Правило: принимай у себя только по вечерам
Вот каков был Лука-Разумник Жильнорман. Он сохранил волосы, — они у него были не седые, а с проседью, — и всегда носил одну и ту же прическу «собачьи уши». В общем, даже при всех своих слабостях, это была личность весьма почтенная.
Все в нем носило печать XVIII века, фривольного и величавого.
В первые годы Реставрации Жильнорман, тогда еще молодой, — в 1814 году ему исполнилось только семьдесят четыре года, — жил в Сен-Жерменском предместье, на улице Сервандони, близ церкви Сен-Сюльпис. Он переехал на покой в Маре много времени спустя, после того как ему стукнуло восемьдесят лет.

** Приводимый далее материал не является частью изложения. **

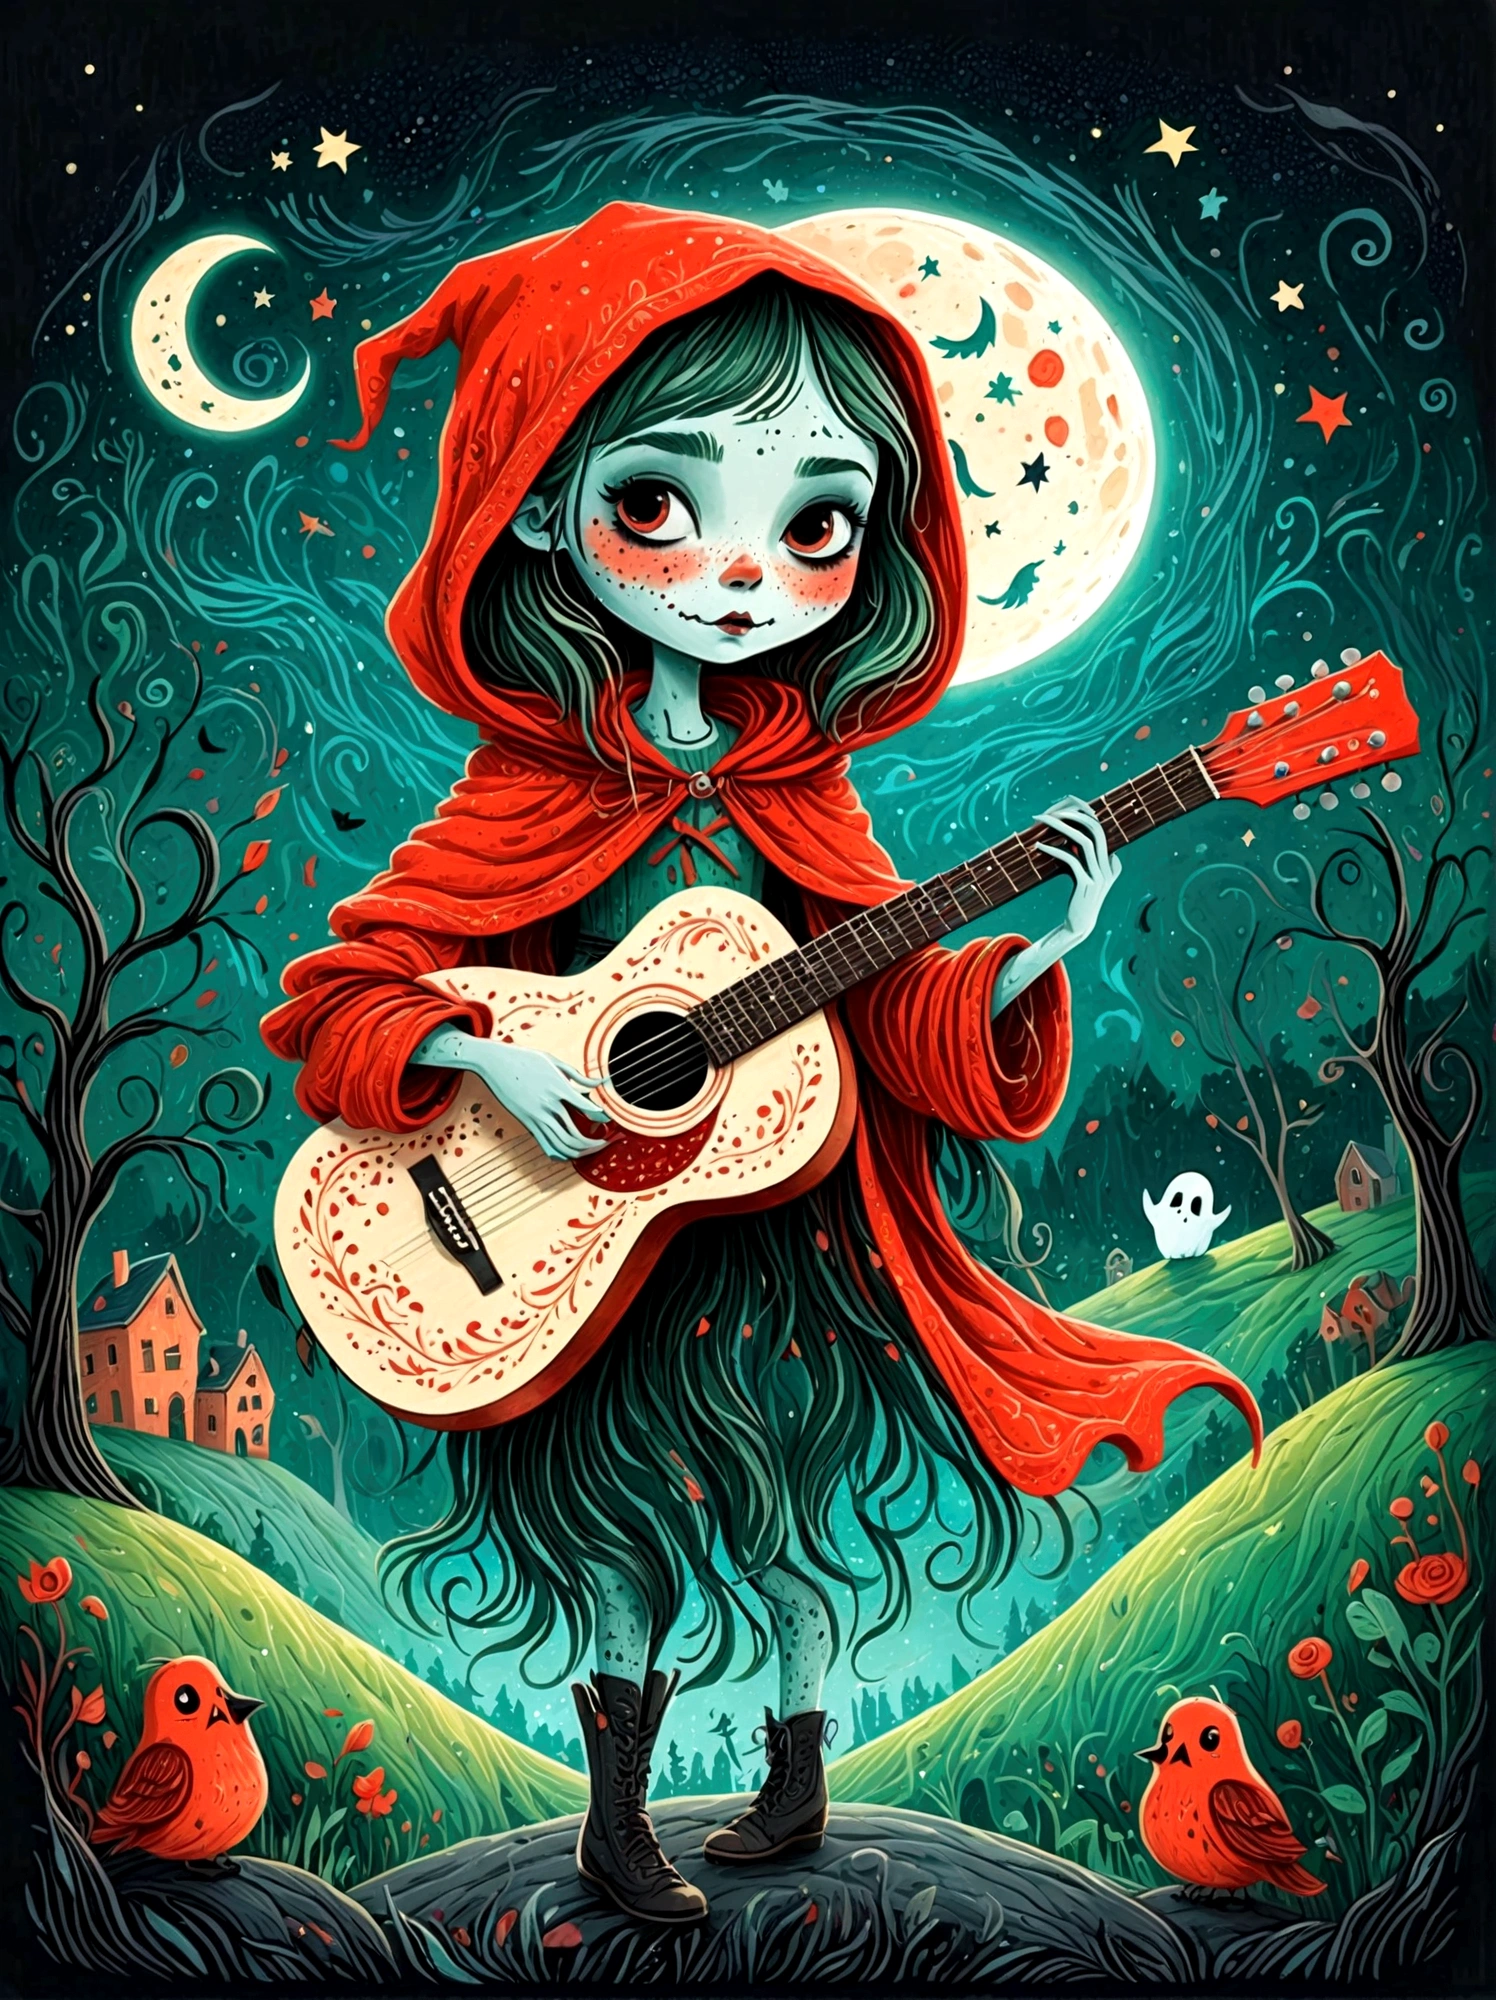 卡通手绘, 1個女孩, 獨自的, 可爱年轻迷人的小红帽女孩，浓浓僵尸妆, 弹奏一把旧吉他，吉他手，(幽灵人群)，幽灵观察者，(演唱會現場:1.5)，繁星點點的夜晚，陰沉有霧的氣氛，可爱的荒谬，非凡外表的吸引与拒绝，神奇的天真藝術，明亮的蓝色和绿色，调色板是红色, 橙色和黑色的色调，具有粗略的风格, 背景应该有简单的手绘涂鸦图案, 1shxx1

Но и покинув свет, он продолжал придерживаться прежних своих привычек. Главная из них, которую он никогда не нарушал, состояла в том, чтобы держать днем свою дверь на замке и никого ни под каким видом не принимать у себя раньше вечера. В пять часов он обедал, и только тут двери его дома отворялись. Так было модно в его время, и он не желал отступать от этого обычая. «День вульгарен, — говаривал он, — и ничего, кроме закрытых ставен, не заслуживает. У светских людей ум загорается вместе с звездами в небесах». И он накрепко запирался ото всех, будь то сам король. В этом сказывалась старинная изысканность его века.
Глава восьмая.
Две, но не пара
Мы уже упоминали о двух дочерях Жильнормана. Между ними было десять лет разницы. В юности они очень мало походили друг на друга и характером и лицом; про них никак нельзя было сказать, что это сестры. Младшую — девушку чудесной души — влекло ко всему светлому. Она любила цветы, поэзию, музыку; уносясь мыслями в лучезарные края, восторженная, невинная, с ранних детских лет, как нареченная невеста, ожидала она героя, смутный образ которого витал пред нею. У старшей также была своя мечта. В голубой дали ей мерещился поставщик, какой-нибудь добродушный, очень богатый толстяк, снабжавший провиантом армию, муж восхитительно глупый, человек — миллион или хотя бы префект; приемы в префектуре, швейцар с цепью на шее в прихожей, торжественные балы, речи в мэрии, она — «супруга г-на префекта» — все это вихрем носилось в ее воображении. Итак, каждая из сестер предавалась в юности своим девичьим грезам. У обеих были крылья, но у одной — ангела, а у другой — гусыни.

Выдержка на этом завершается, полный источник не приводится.